Einstein_was_once asked about the origins of his theory of relativity.  He famously responded, “I thought of that while riding my bicycle.”  We think of a lot of things while riding our bicycles, whether they be humorous variants of 90s pop songs or probing questions of politics, philosophy, and religion.  These past days we climbed some incredibly steep, long, rocky, hot, and rainy mountain roads in Colombia.  At the time, all I could think about was how much work it was.  Strangely enough, I think that is a good thing.

The jungle road from our campsite outside Melgar.

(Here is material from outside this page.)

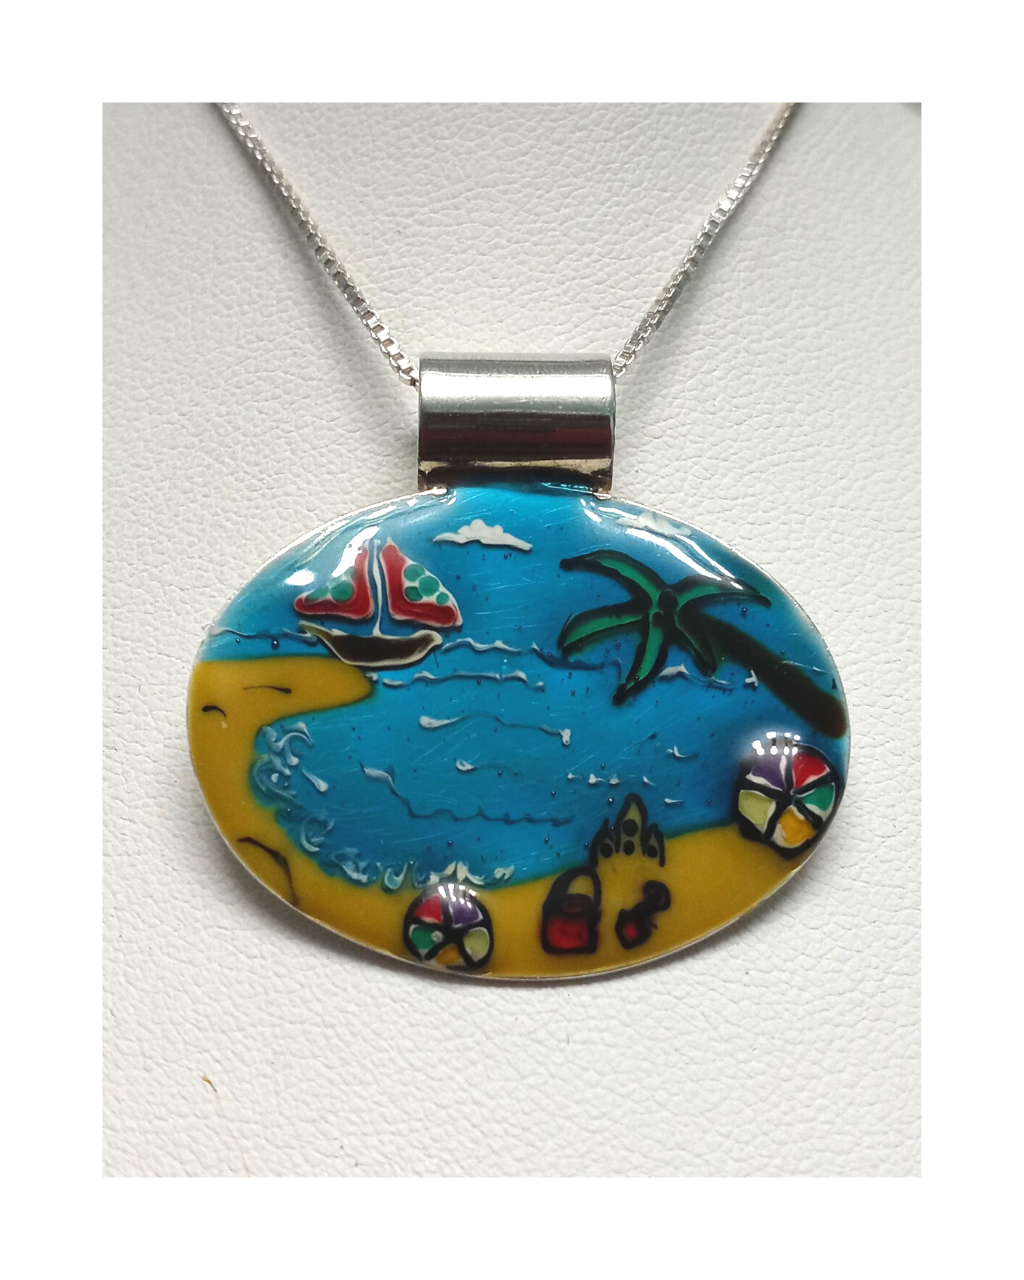 Exclusive Wearable Art Hand-enameled Beautiful Summer Beach Scene Removable Slide Pendant 1 3/8"L X 1 3/8"W Sterling Necklace on 18" Box Chain. ONLY ONE CREATED!

Work gets a bad rap.  Vacations are supposedly where the fun is at.  At the beginning of this journey we all framed Bound South as some time off, a missed harvest, a gap year, at the very least a departure from traditional work.  I envisioned it as some kind of strange adventure-vacation for a good cause.  Time changes minds, however, and now I proudly regard every day of this journey as a job.  While my more industrious peers are earning hefty salaries as they design widgets, consult companies, or recklessly gamble with your retirement savings, I have an unpaid internship in bicycle adventuring.

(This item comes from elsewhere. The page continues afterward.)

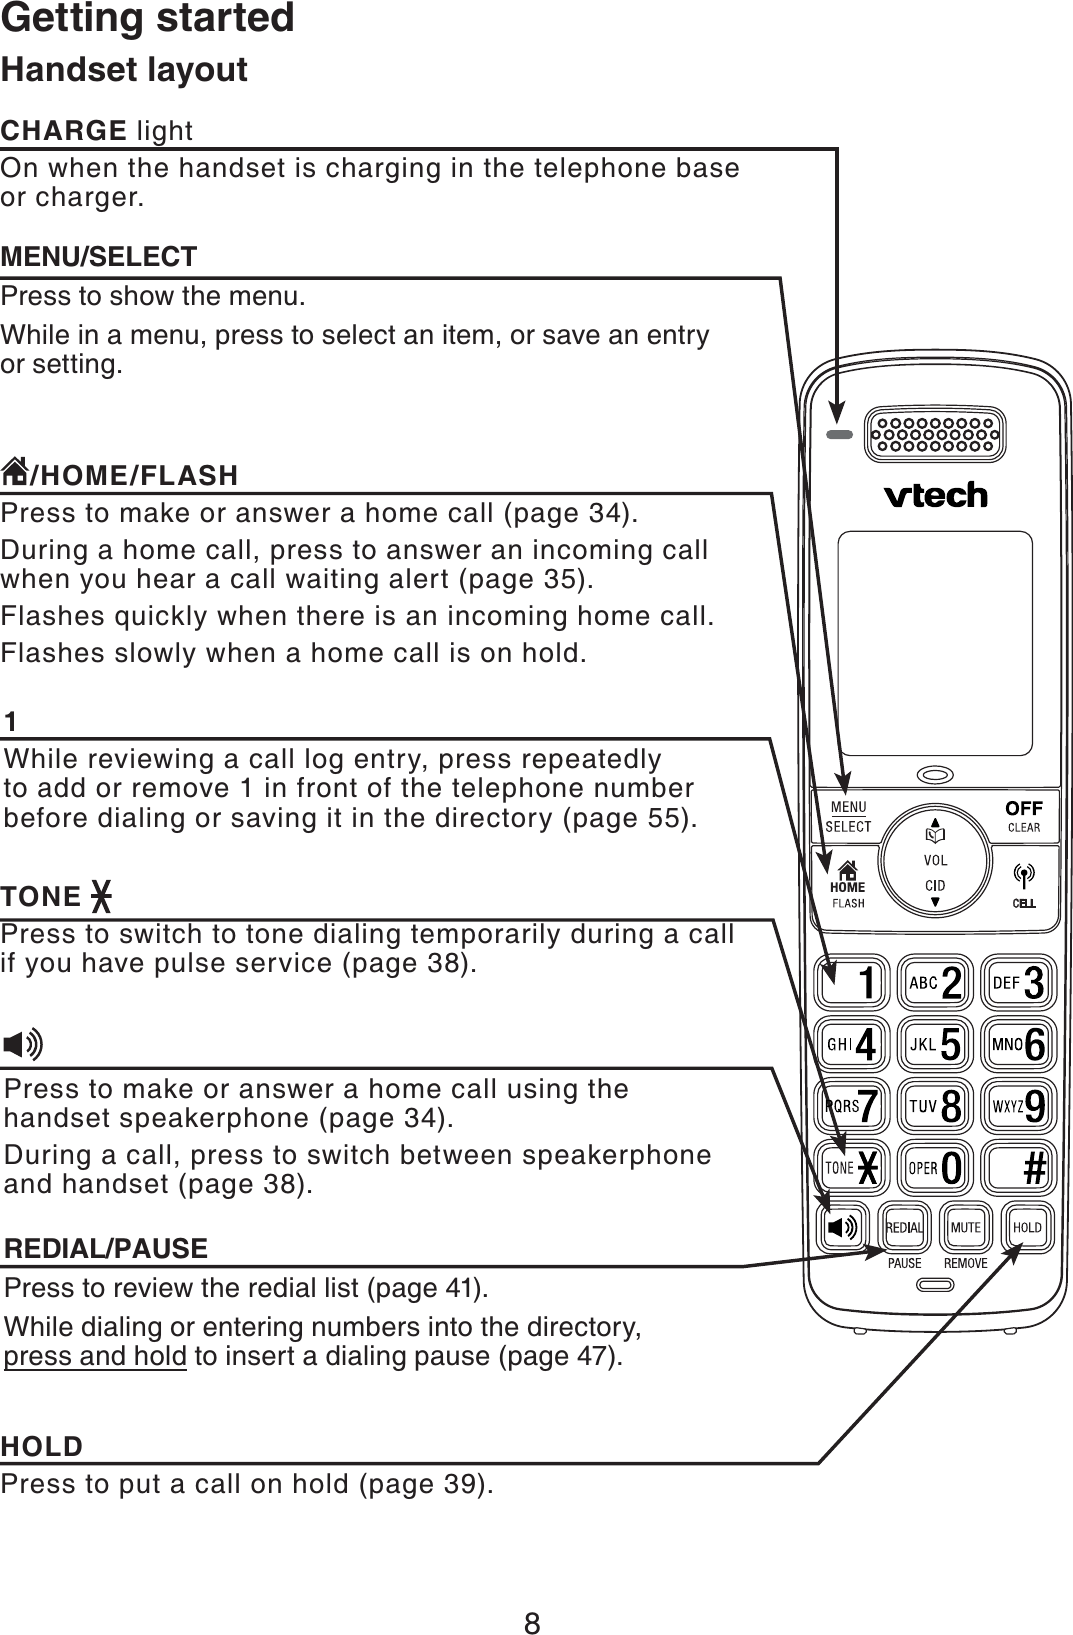 8Getting startedHandset layout1While reviewing a call log entry, press repeatedly to add or remove 1 in front of the telephone number before dialing or saving it in the directory (page 55)./HOME/FLASHPress to make or answer a home call (page 34).During a home call, press to answer an incoming call when you hear a call waiting alert (page 35).Flashes quickly when there is an incoming home call.Flashes slowly when a home call is on hold.Press to make or answer a home call using the handset speakerphone (page 34).During a call, press to switch between speakerphone and handset (page 38).HOLDPress to put a call on hold (page 39).TONEPress to switch to tone dialing temporarily during a call if you have pulse service (page 38).CHARGE lightOn when the handset is charging in the telephone base or charger.MENU/SELECTPress to show the menu.While in a menu, press to select an item, or save an entry or setting.REDIAL/PAUSEPress to review the redial list (page 41). While dialing or entering numbers into the directory, press and hold to insert a dialing pause (page 47).

Cows eke out a living on the steep mountainsides near Pitalito.

The job description is simple but demanding.  There is ample work and leisure, but both are ruthlessly scheduled.  Sleep ten hours every night in a tent, if you are lucky.  Rise with the sun.  Eliminate the terrifying insects that collect on your belongings.  Enjoy your oatmeal, again.  Ride your loaded bicycle at least 100 kilometers, regardless of weather, terrain, or other conditions.  Cover at least four degrees of latitude per week to hit Ushuaia on time.  Consume at least 4,000 calories a day to avoid withering away.  Meet and speak with interesting people.  Receive marriage propositions from beautiful South American women.  Decline them (for now).  Never turn down gifts of food or shelter.  Capture wonderful things with your camera.  Compress all of it into writing.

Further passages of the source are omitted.